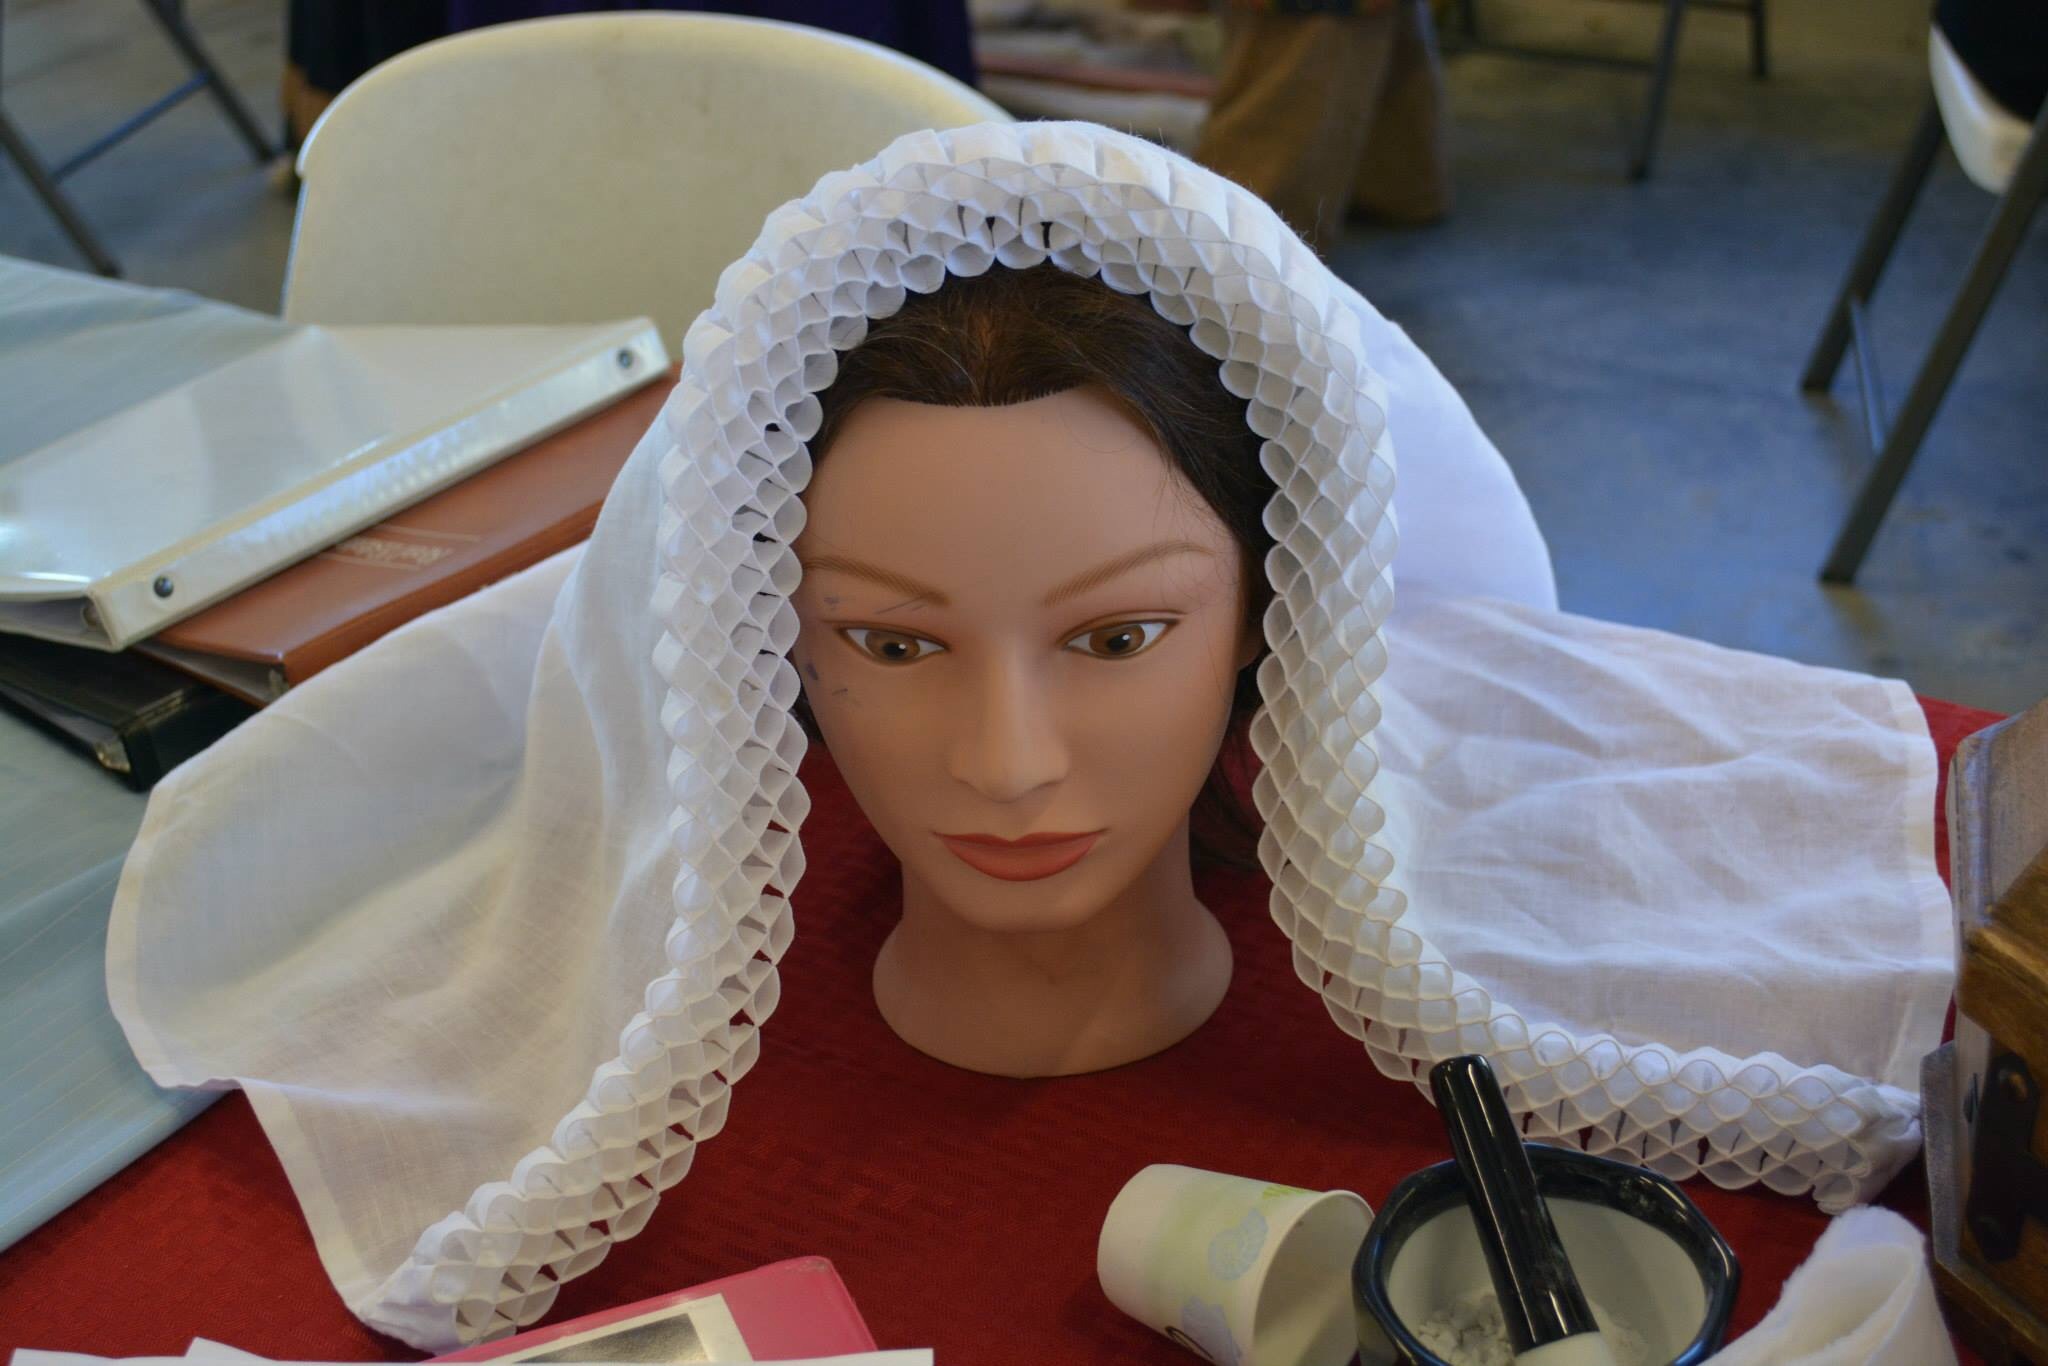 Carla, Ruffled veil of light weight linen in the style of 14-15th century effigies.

* * *

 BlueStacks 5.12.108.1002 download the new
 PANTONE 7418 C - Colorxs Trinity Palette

==

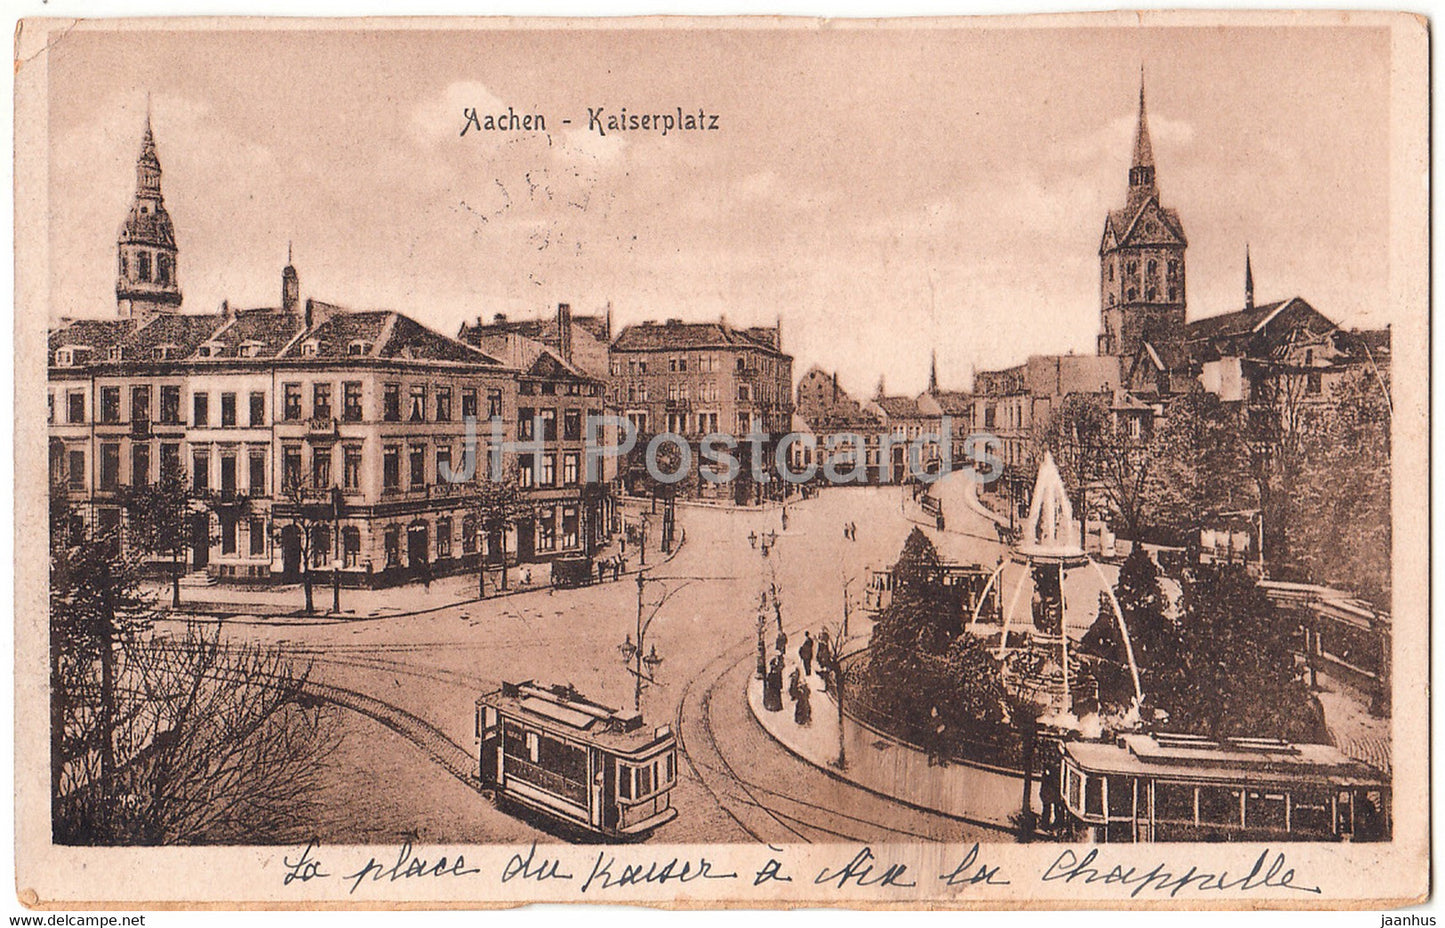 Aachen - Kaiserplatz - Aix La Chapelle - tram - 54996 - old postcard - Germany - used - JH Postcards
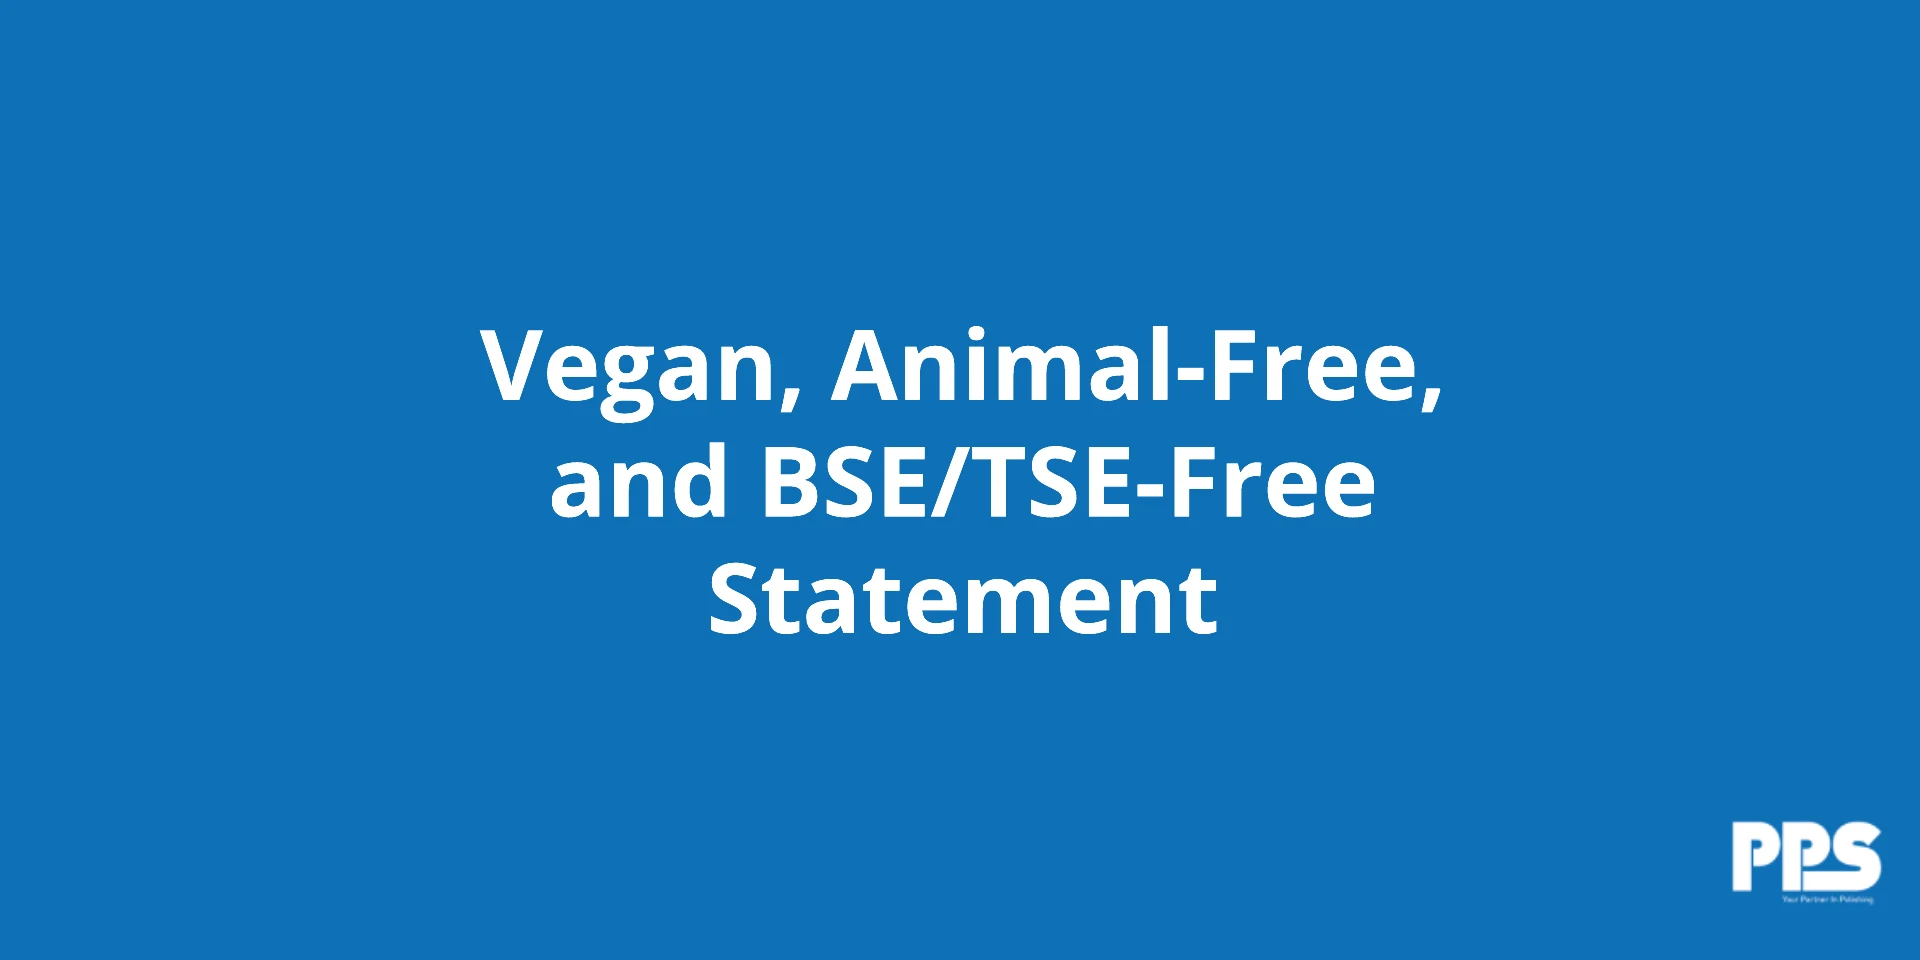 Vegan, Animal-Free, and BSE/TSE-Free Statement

▶ Work to be completed
The entries above hold a line with "BlueStacks 5.12.108.1002 download the new" and a later line with "PANTONE 7418 C - Colorxs Trinity Palette". Write out exactly those lines and all lines between, nothing more.

▶ Your response
 BlueStacks 5.12.108.1002 download the new
 PANTONE 7418 C - Colorxs Trinity Palette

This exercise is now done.